The processes involved in STAT6 activation and inhibition are probably more complicated than outlined above. Although their role(s) in the stimulation or inhibition of STAT6 are still being investigated, Src tyrosine kinases, serine kinases, and proteases have all been implicated in STAT6 regulation (10, 1921). More over, emerging evidence indicates that in retrovirally transduced activated T lymphocytes, mutated IL-4Rα proteins lacking all cytoplasmic tyrosines can mediate STAT6 activation in response to IL-4 (5). Because this IL-4Rα tyrosine-independent STAT6 activation appears sufficient to promote TH2 differentiation, the mechanism by which T cell activation leads to this additional IL-4Rα–mediated STAT activation pathway is of considerable importance. Additional differences between resting and activated T cells in the mechanisms by which IL-4Rα transduces signals are also emerging.
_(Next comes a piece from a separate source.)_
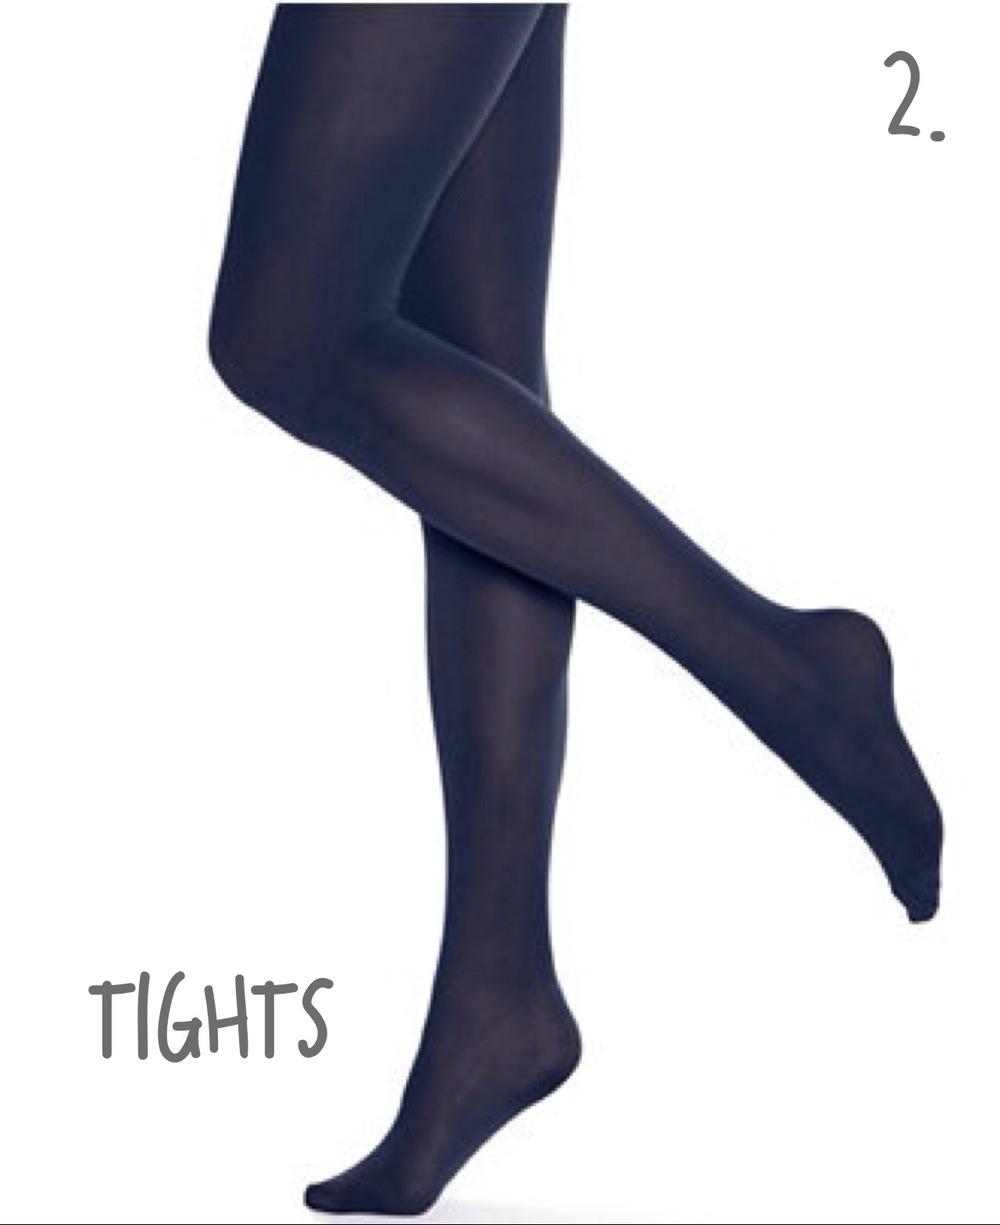 macys_tights

IL-4 induces the phosphorylation of a related STAT dimer, STAT5, in activated but not resting cells, in a process apparently requiring both the calcineurin phosphatase and activity of the NF-κB transcription factor (5).

Determining the molecular mechanisms by which cellular activation alters activation and specificity in the STAT pathway will be a fruitful ground for future investigation. Furthermore, as suggested by the presence of allergy-associated polymorphisms near docking sites in the IL-4Rα (22), subtle differences in IL-4 and IL-13 signaling in different primary cell types could have profound implications for allergy and asthma.